▶ [The problem] The data should be transcribed in its entirety, word for word.

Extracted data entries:
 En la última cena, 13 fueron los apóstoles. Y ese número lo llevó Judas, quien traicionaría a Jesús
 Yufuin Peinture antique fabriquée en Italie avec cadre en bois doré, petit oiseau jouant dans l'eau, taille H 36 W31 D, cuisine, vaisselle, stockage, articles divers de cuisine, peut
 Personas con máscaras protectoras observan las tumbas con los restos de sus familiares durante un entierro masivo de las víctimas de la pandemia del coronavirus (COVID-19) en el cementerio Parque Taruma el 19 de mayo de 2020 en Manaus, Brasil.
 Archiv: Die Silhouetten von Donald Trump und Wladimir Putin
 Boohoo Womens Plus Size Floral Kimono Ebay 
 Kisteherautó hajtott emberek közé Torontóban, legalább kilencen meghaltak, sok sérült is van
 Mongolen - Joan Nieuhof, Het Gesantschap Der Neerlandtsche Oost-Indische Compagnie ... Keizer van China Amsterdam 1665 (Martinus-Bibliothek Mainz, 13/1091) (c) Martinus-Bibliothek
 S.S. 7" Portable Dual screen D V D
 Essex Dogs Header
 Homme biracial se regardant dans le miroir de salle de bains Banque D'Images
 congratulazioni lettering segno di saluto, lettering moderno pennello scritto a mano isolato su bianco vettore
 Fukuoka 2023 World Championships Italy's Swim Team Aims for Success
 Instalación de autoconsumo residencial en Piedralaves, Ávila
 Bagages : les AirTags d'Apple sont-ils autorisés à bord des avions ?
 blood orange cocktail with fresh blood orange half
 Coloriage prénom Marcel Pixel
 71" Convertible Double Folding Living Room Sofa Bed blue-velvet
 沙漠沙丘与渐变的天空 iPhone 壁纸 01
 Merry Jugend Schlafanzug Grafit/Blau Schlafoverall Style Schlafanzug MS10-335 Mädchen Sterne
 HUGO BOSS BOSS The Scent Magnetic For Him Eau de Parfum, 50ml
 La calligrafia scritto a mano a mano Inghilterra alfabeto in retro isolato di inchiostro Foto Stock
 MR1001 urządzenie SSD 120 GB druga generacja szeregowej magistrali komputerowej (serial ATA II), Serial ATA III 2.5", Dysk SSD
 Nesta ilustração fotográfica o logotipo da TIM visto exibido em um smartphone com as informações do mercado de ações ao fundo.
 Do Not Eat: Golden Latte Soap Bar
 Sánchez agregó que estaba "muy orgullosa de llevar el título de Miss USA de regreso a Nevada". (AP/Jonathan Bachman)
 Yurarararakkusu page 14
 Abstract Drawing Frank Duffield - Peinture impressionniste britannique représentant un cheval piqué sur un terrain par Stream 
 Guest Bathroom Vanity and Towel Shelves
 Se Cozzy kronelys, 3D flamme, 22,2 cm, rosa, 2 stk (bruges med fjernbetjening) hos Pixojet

▶ [Finished task]
 En la última cena, 13 fueron los apóstoles. Y ese número lo llevó Judas, quien traicionaría a Jesús
 Yufuin Peinture antique fabriquée en Italie avec cadre en bois doré, petit oiseau jouant dans l'eau, taille H 36 W31 D, cuisine, vaisselle, stockage, articles divers de cuisine, peut
 Personas con máscaras protectoras observan las tumbas con los restos de sus familiares durante un entierro masivo de las víctimas de la pandemia del coronavirus (COVID-19) en el cementerio Parque Taruma el 19 de mayo de 2020 en Manaus, Brasil.
 Archiv: Die Silhouetten von Donald Trump und Wladimir Putin
 Boohoo Womens Plus Size Floral Kimono Ebay 
 Kisteherautó hajtott emberek közé Torontóban, legalább kilencen meghaltak, sok sérült is van
 Mongolen - Joan Nieuhof, Het Gesantschap Der Neerlandtsche Oost-Indische Compagnie ... Keizer van China Amsterdam 1665 (Martinus-Bibliothek Mainz, 13/1091) (c) Martinus-Bibliothek
 S.S. 7" Portable Dual screen D V D
 Essex Dogs Header
 Homme biracial se regardant dans le miroir de salle de bains Banque D'Images
 congratulazioni lettering segno di saluto, lettering moderno pennello scritto a mano isolato su bianco vettore
 Fukuoka 2023 World Championships Italy's Swim Team Aims for Success
 Instalación de autoconsumo residencial en Piedralaves, Ávila
 Bagages : les AirTags d'Apple sont-ils autorisés à bord des avions ?
 blood orange cocktail with fresh blood orange half
 Coloriage prénom Marcel Pixel
 71" Convertible Double Folding Living Room Sofa Bed blue-velvet
 沙漠沙丘与渐变的天空 iPhone 壁纸 01
 Merry Jugend Schlafanzug Grafit/Blau Schlafoverall Style Schlafanzug MS10-335 Mädchen Sterne
 HUGO BOSS BOSS The Scent Magnetic For Him Eau de Parfum, 50ml
 La calligrafia scritto a mano a mano Inghilterra alfabeto in retro isolato di inchiostro Foto Stock
 MR1001 urządzenie SSD 120 GB druga generacja szeregowej magistrali komputerowej (serial ATA II), Serial ATA III 2.5", Dysk SSD
 Nesta ilustração fotográfica o logotipo da TIM visto exibido em um smartphone com as informações do mercado de ações ao fundo.
 Do Not Eat: Golden Latte Soap Bar
 Sánchez agregó que estaba "muy orgullosa de llevar el título de Miss USA de regreso a Nevada". (AP/Jonathan Bachman)
 Yurarararakkusu page 14
 Abstract Drawing Frank Duffield - Peinture impressionniste britannique représentant un cheval piqué sur un terrain par Stream 
 Guest Bathroom Vanity and Towel Shelves
 Se Cozzy kronelys, 3D flamme, 22,2 cm, rosa, 2 stk (bruges med fjernbetjening) hos Pixojet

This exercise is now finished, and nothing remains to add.